Analysis of complex multivariate community data often necessitates the use of a distance or dissimilarity metric to compress many dimensions of variability into a single pairwise comparison. Four such metrics commonly used in sequence-based microbial community studies are Jaccard, Bray-Curtis, Canberra, and UniFrac (including both the weighted and unweighted variations) [38]. The first three are classical taxonomic metrics that assume equal relationships among organisms [39], whereas UniFrac incorporates and emphasizes the phylogenetic relationships among OTUs.

For many microbial community studies, taxonomic metrics can be desirable due to their ability to identify non-phylogenetic differences. For instance, the Jaccard metric can be evaluated as the simple proportion of taxa shared between two samples.
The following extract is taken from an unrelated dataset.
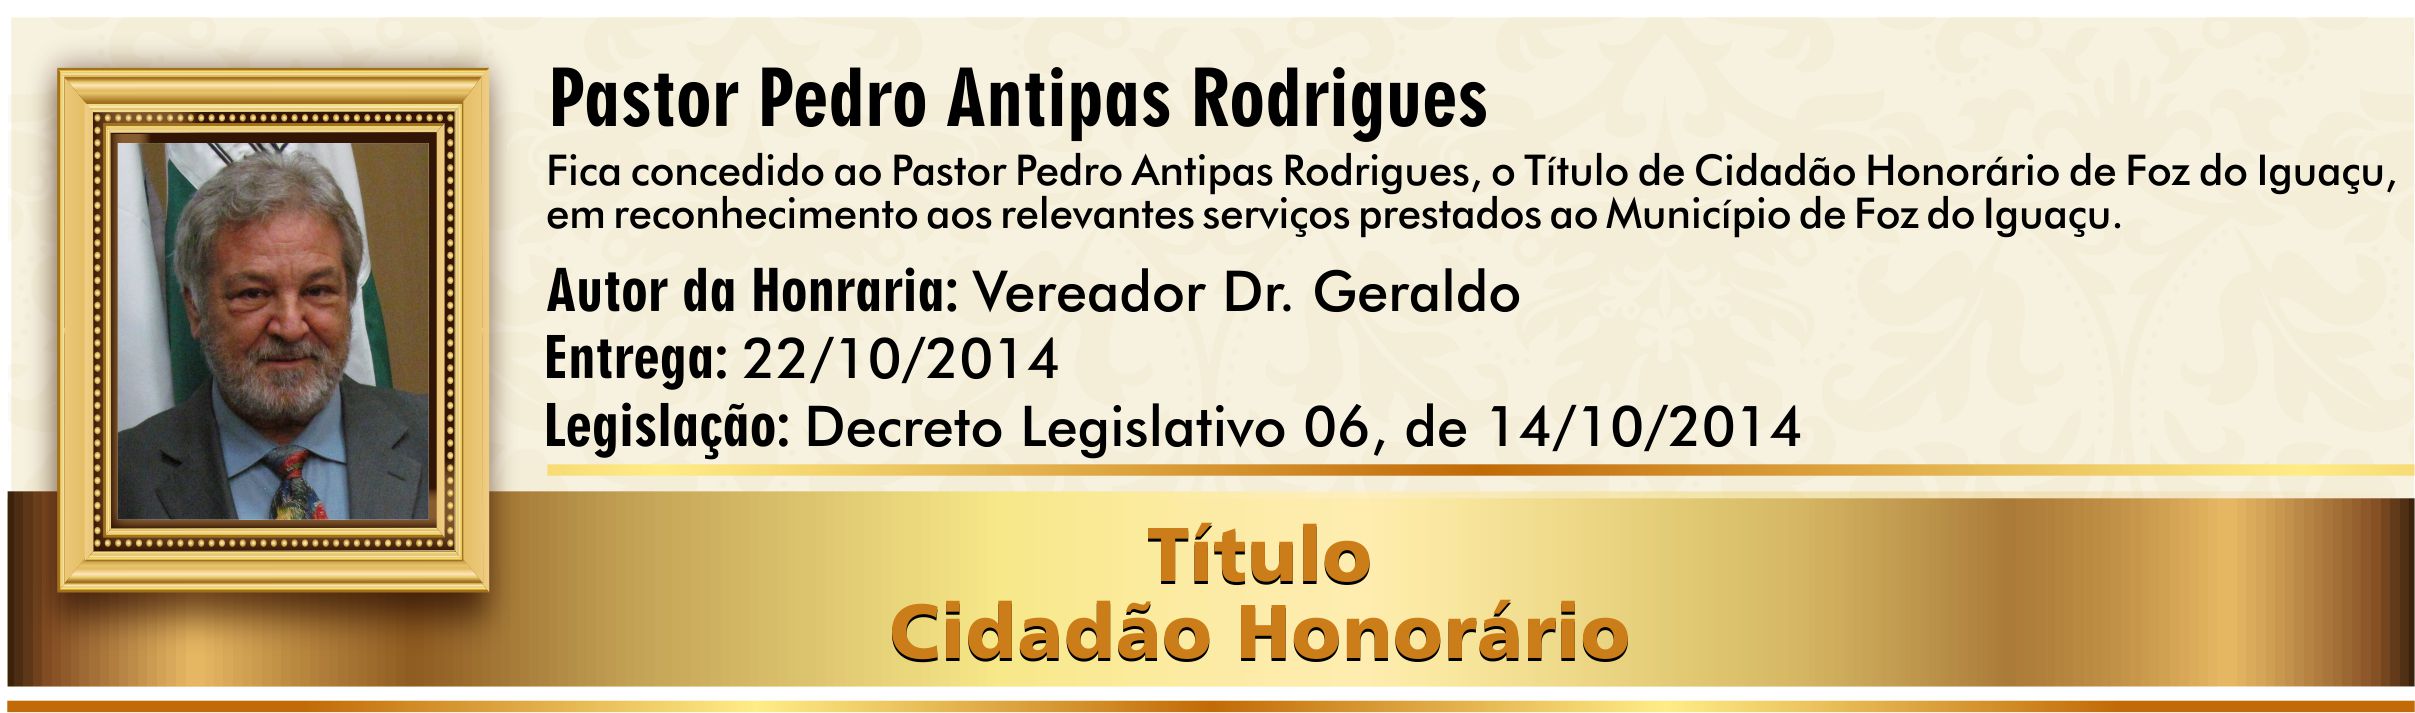 Pastor Pedro Antipas Rodrigues

The Bray-Curtis and Canberra metrics are both commonly used for their ability to prioritize shared distributions of the most abundant or rare taxa, respectively. The UniFrac metrics (weighted and unweighted), on the other hand, are heavily utilized in microbiome studies where broad-scale phylogenetic differences are important, such as when comparing the skin to gut microbiome where strong habitat differences favor entire functional groups or phylogenetic lineages. The trade-off is that a phylogenetic metric might miss out on subtle community differences when comparing very similar environments, while taxonomic metrics are inherently naive of functional community shifts.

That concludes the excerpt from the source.